Okay, that’s outside of enough. I’m getting pretty tired of the Democrat’s attacks on Sen. McCain’s military service. Remember Jay Rockfeller’s remark that
“McCain was a fighter pilot, who dropped laser-guided missiles from 35,000 feet. He was long gone when they hit. What happened when they [the missiles] get to the ground? He doesn’t know. You have to care about the lives of people. McCain never gets into those issues.”

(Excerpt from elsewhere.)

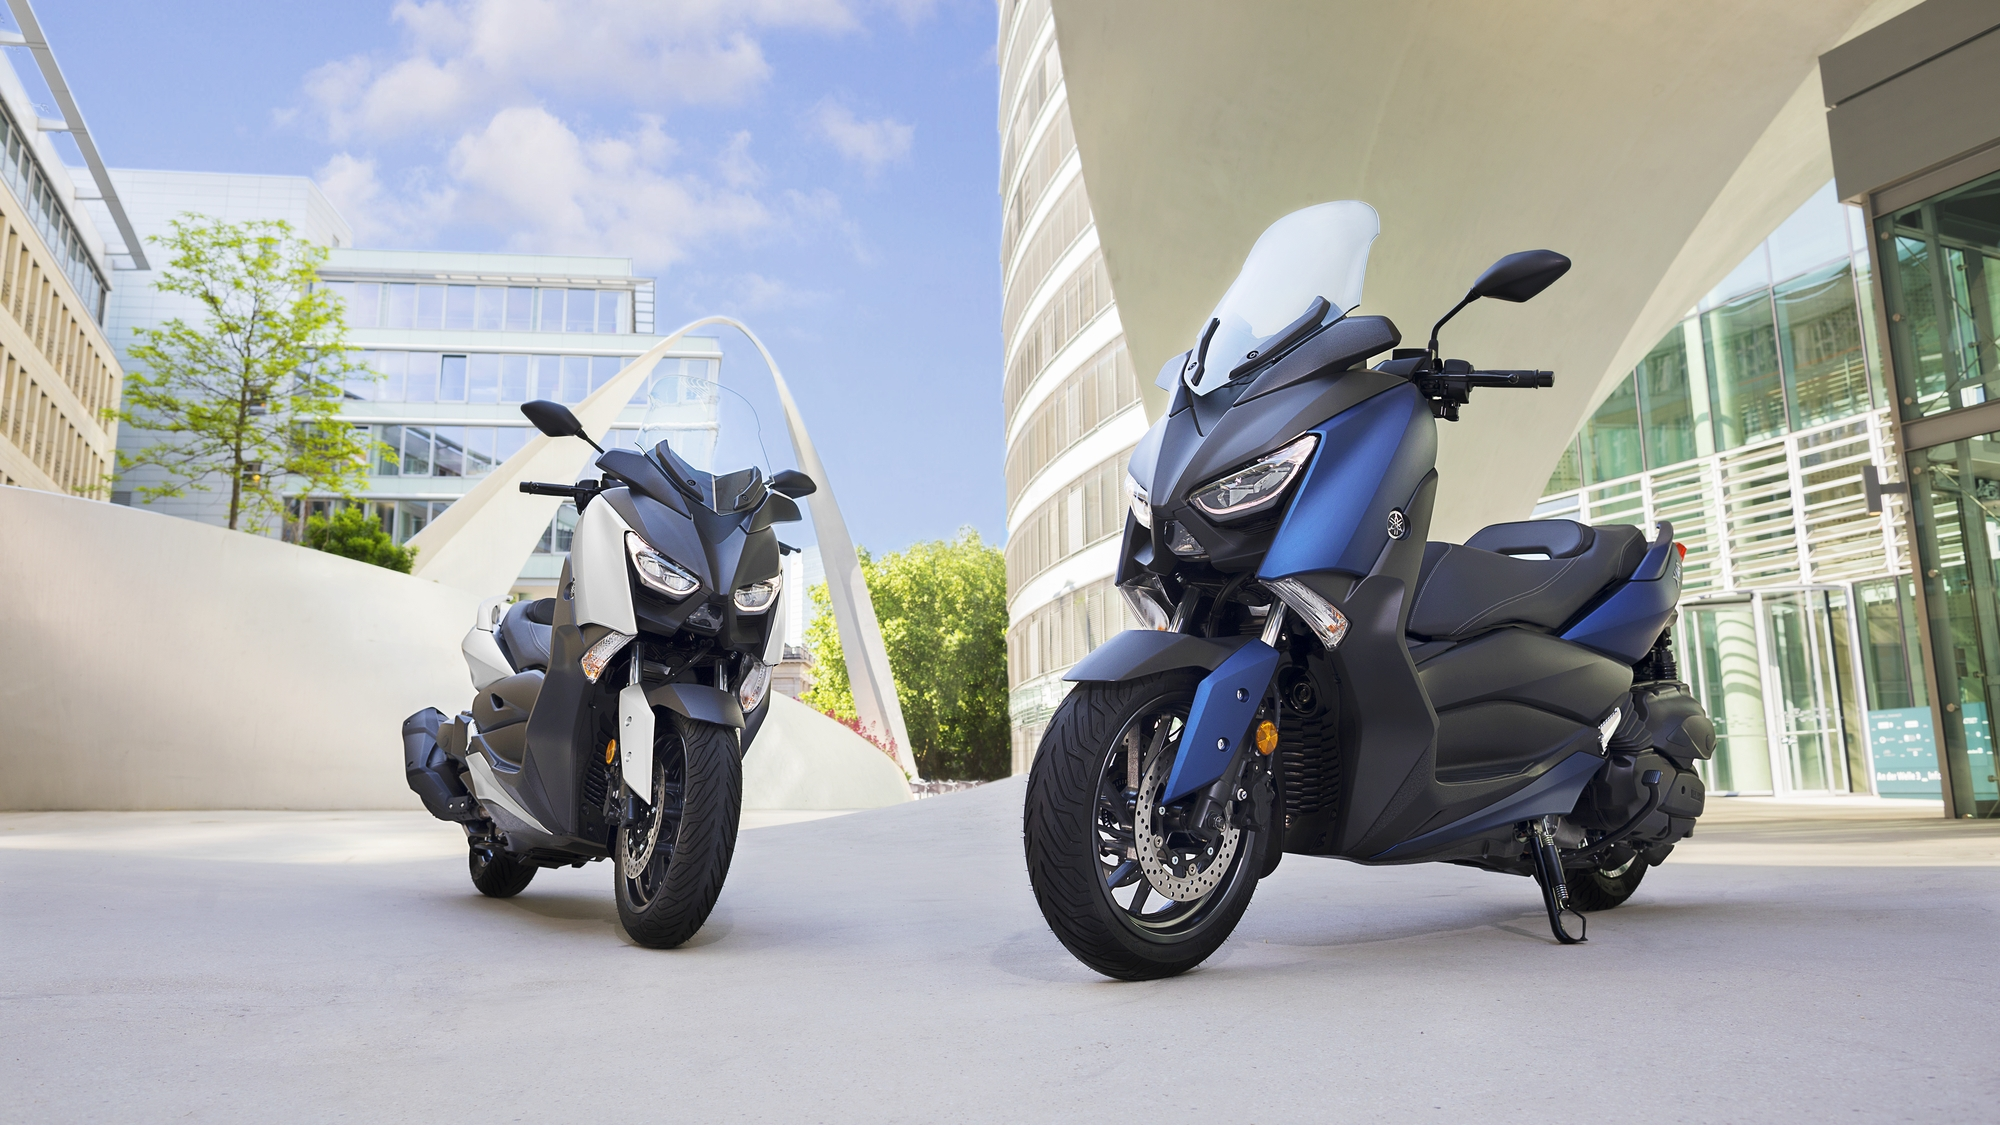 2018-Yamaha-X-MAX-400-EU-Phantom-Blue-Static-002
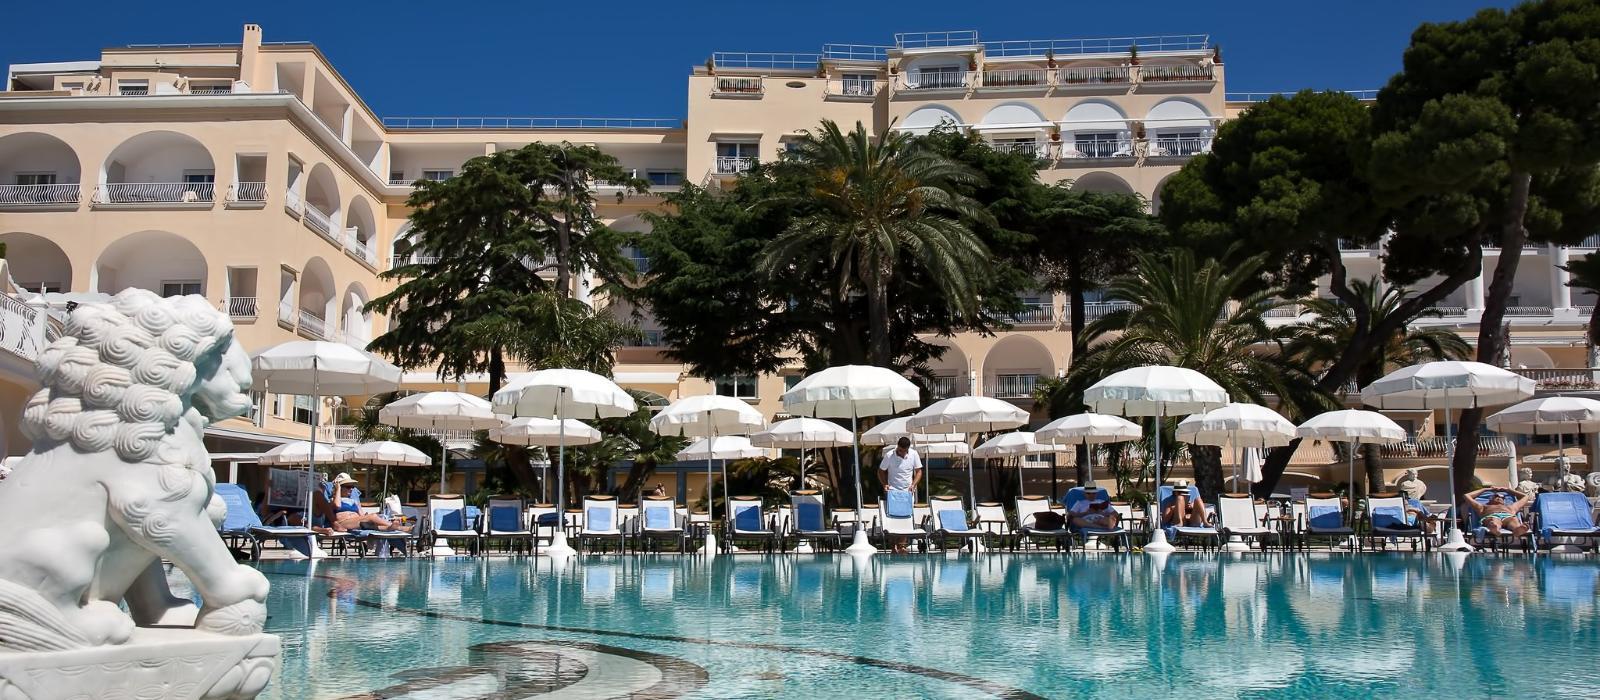 瑰诗诺度假酒店(Grand Hotel Quisisana) 图片  www.lhw.cn

And then there was yesterday’s verbal garbage from Gen. Wesley Clark on “Face the Nation”:
After saying, “I certainly honor his service as a prisoner of war. He was a hero to me and to hundreds of thousands and millions of others in the armed forces, as a prisoner of war,” he added that these experiences in no way qualify McCain to be president in his view:
“He has been a voice on the Senate Armed Services Committee. And he has traveled all over the world. But he hasn’t held executive responsibility. That large squadron in the Navy that he commanded — that wasn’t a wartime squadron,” Clark said.
“I don’t think getting in a fighter plane and getting shot down is a qualification to become president.”
Look, I’m not a McCain fan — he’s not the candidate I voted for in the primaries — but c’mon. Sen. McCain is not campaigning on the fact that he spent nearly 6 years as a POW in Vietnam. (And handled himself courageously and honorably under brutal, inhuman conditions. For example, his response when — shortly before his release — he was asked if he wanted to thank a North Vietnamese doctor who purportedly treated him in the Hanoi Hilton. “Tell the son-of-a-bitch I said hello,” McCain retorted, “because I haven’t seen him in five-and-a-half years.” Now that’s a brave man.)
Oh, and Gen. Clark, before pointing out Sen. McCain’s lack of executive experience (for having been in the US Congress for 26 years, which, depending on your view of Congress, may or may not be a good thing), remember that Sen. Obama’s experience consists of two-thirds of a term as U.S. senator, one term as a state senator, a couple of years as a ‘community organizer’ and being president of the Harvard Law Review.